Beans are quite undemanding plants. If you pay attention to their location and care requirements, you can expect a rich harvest. But what about using fertilizer? While bush beans do well without additional fertilizer, runner beans are more demanding.
How much fertilizer do different types of beans need?
Beans tolerate different amounts of fertilizer: Bush beans do well without additional fertilizer, while pole beans prefer loose, humus-rich soil with compost and low-nitrogen vegetable fertilizer. Beans in the bucket only need compost mixed into the soil.
Bush beans
Bush beans do not place any special demands on the soil. They are weak eaters and get along well with the nutrients contained in the soil. If you still want to provide them with additional nutrients, you can work compost into the soil before sowing.
pole beans
The runner beans are more demanding. They like loose, humus-rich soil. Before sowing, you should loosen the soil thoroughly and mix in mature compost. During the growing season you can also fertilize with compost, horn shavings (€39.00 on Amazon) or a low-nitrogen vegetable fertilizer.

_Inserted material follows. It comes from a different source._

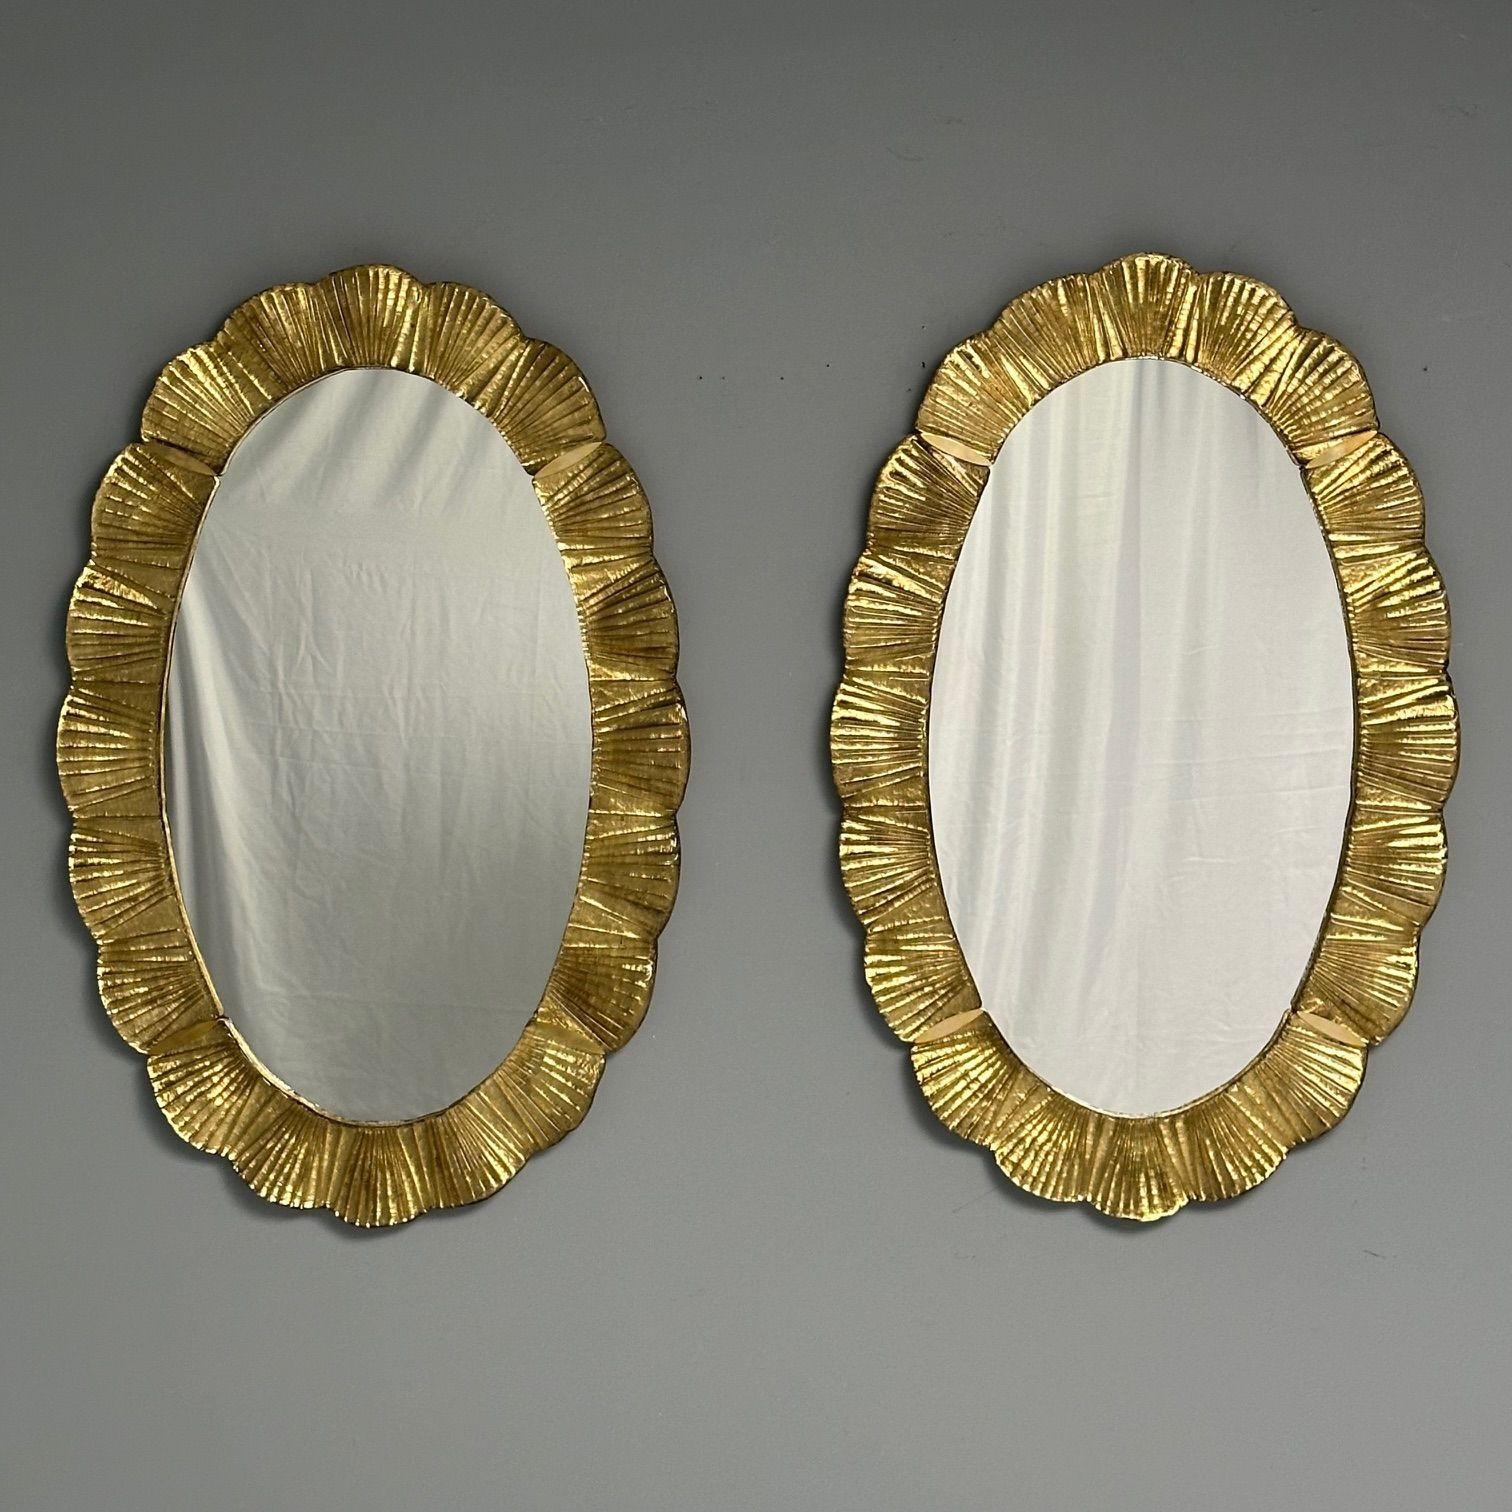 Miroirs muraux contemporains ovales avec motif de festons, verre de Murano, or doré, Italie, 2023.

Paire de miroirs muraux rectangulaires conçus et fabriqués à la main dans un petit atelier de Venise, en Italie. Chaque miroir est doté d'un cadre en

Fertilize beans in the bucket
If the beans are to be grown in a bucket, the choice usually falls on the climbing runner bean. It works with simple soil (garden or hardware store soil) to which you mix compost to provide nutrients. No further fertilizer application is necessary.
Beans as a source of nitrogen
Growing beans not only benefits the cook and gardener, but also the soil in your garden. Beans serve as a natural producer of nitrogen. They absorb nitrogen through the air and release it into the soil through their roots.
Plants in mixed culture such as savory, cabbage, cucumbers, celery and potatoes as well as the vegetables that you grow the following year benefit from this nutrient enrichment.
To improve your garden soil, just remove the herb after the bean harvest. You leave the roots in the ground until next spring, where they continue to release nitrogen over a longer period of time.
Tips & Tricks
Under no circumstances should fresh manure be placed on or under the bean bed, as the fresh roots are overly sensitive to it. In addition, the smell of manure attracts the bean fly. So compost is always the better choice on the bean bed.